I threw the arrows down to the other end.

It sounds absurd, because it was. I wasn't proud of it then and I'm even less proud of it now. But at that moment I had no pride, or shame.

Occasionally one of my arrows did escape from its prison. Instead of taking a direct line to the target, though, the arrow veered frighteningly off course, like a botched North Korean missile falling into the sea. Fortunately no one got hurt. I watched in awe as the arrow flew 20, 30, 40 feet into the air and toward the windows on the other side of the gym. If I had been an ancient English warrior firing my arrows at an enemy standing 150 feet away - perhaps with an arrow that's in flames - my shot would have been perfect. In a phy ed class, in jeans and a sweatshirt, with a target 30 feet away, it was simply a disaster that managed to avoid turning into a tragedy.

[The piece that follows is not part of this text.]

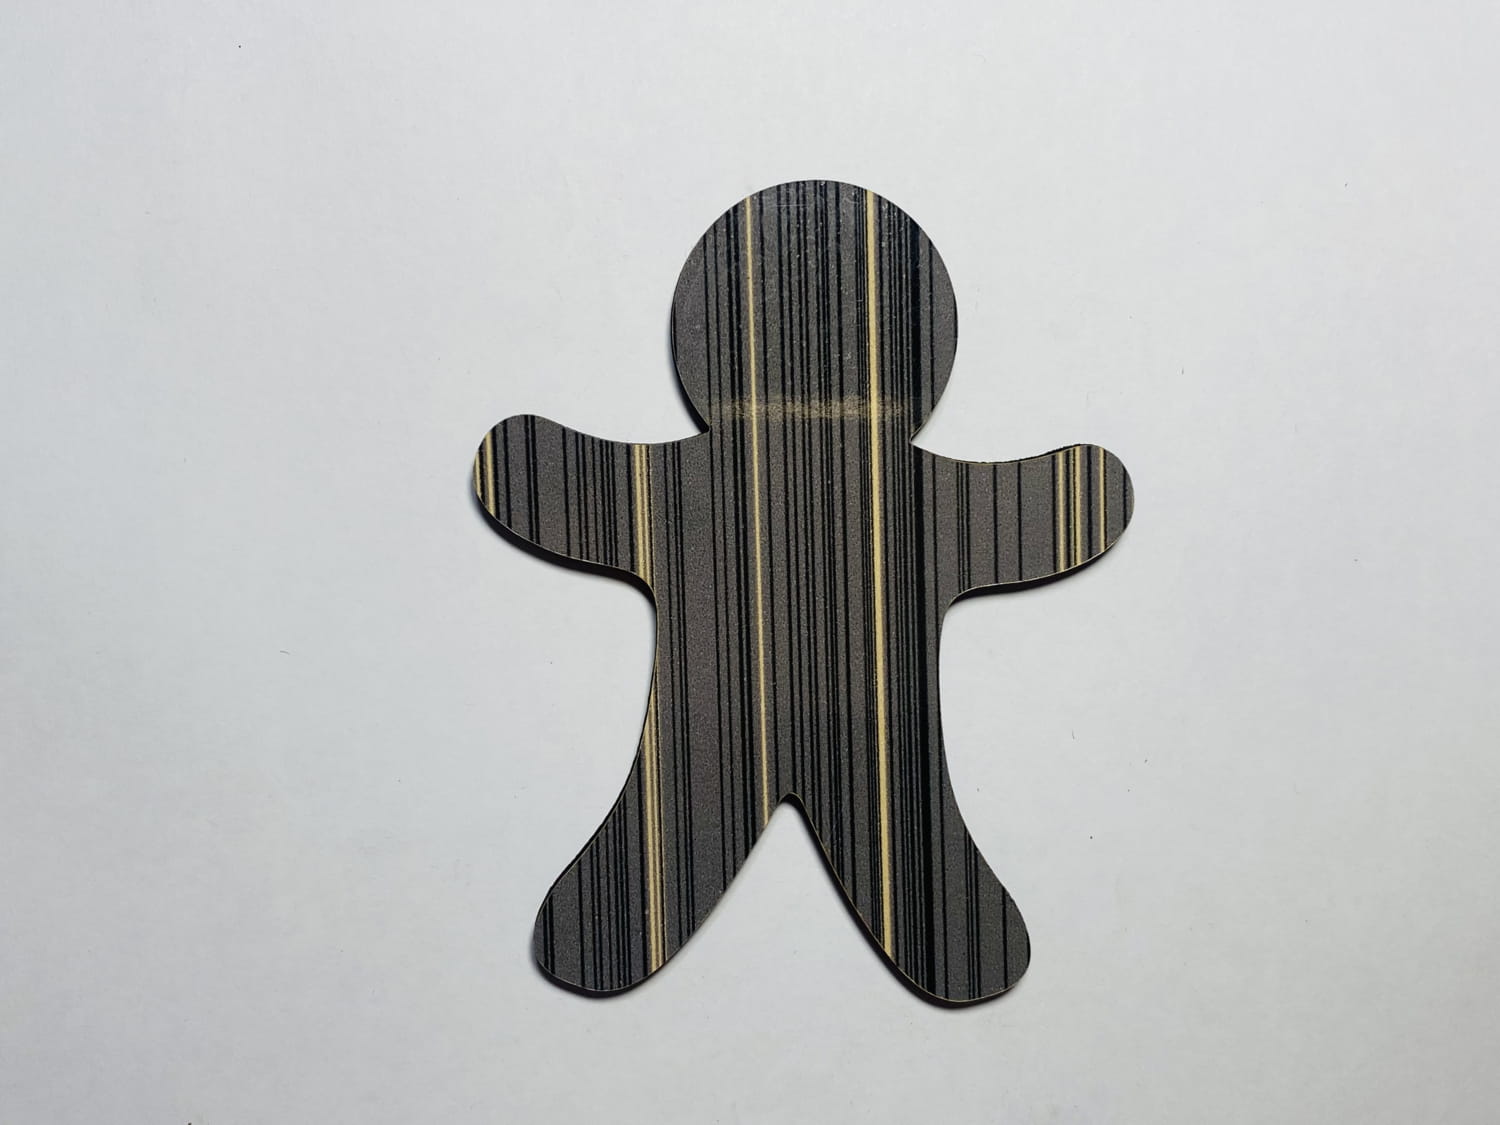 Laser Cut Gingerbread Man Cutout Unfinished Wood Shape Craft Free Vector

I sometimes feared becoming the first person to shoot an arrow horizontally and into a classmate, or downward and into my foot. Surely the teacher and other school officials would have removed me after such an incident. That removal would have been the only positive thing to come out of all my days in archery.

If my cousin and best friend Matt was standing by me, I could sometimes talk him into grabbing a handful of arrows for his own use. He was happy to do this. He hunted. He knew how to string a bow, load it, aim, and fire.

We shot the entire hour, well-trained archers ready for the hunt or the Sheriff of Nottingham. And for 60 minutes I kept missing. In four years I probably hit the target four times.

The torment I endured in archery beginning in seventh grade actually had roots in sixth grade. That year I participated in a spelling bee, a natural fit for me and an event I anticipated with great excitement. My tournament ended just a few rounds in.

The word that tripped me up? Not chiaroscurist, or demarche, or prospicienc.

Instead they got me with archery. Or, as I spelled it, archerey. It was an unforgivable misspelling, as embarrassing to me as it probably was to my mom and dad in attendance. It's the type of word the judge gives to a kid he's trying to help ease through to the next round, as if he's throwing the competition for the student. Instead I added an extra e before the y, followed by cries of why?

That should have been my most humiliating encounter with archery, the word or the activity. It wasn't, and for that I have no one to blame but myself, a dubious curriculum and a basketball team that never quite made it to state during my school years.

5 comments:

Mike said...

This might be my favorite posting yet. I've heard about it, now read about it, I only wish I could have witnessed it in person. I still loathed the wrestling unit the most, but archery was a close second, followed thirdly by "circuit training." It did seem a little dangerous and damaging to the gym.

Jerry said...

This sounds worse than the entire shop class debacle. Or speech team. But don't feel bad...I grew up right on the lake and I don't fish and can't swim. And my shop skills are about the same as yours. I am thinking it is genetic...

Shawn Fury said...

Yeah none of your brothers have the fishing/hunting touch. Winter was for basketball, not ice fishing. That's my belief.

Shop class was also a fiasco, but I never got hurt on the bandsaw, at least.

I forgot about circuit training. I do remember being able to bench about 75 pounds.

Jerry said...

Exactly right about what winter was for - and still is. At least that is what Grandpa thought and he was always right about things of that nature.

Brock said...

Even with my ice fishing genes I think winter is for basketball!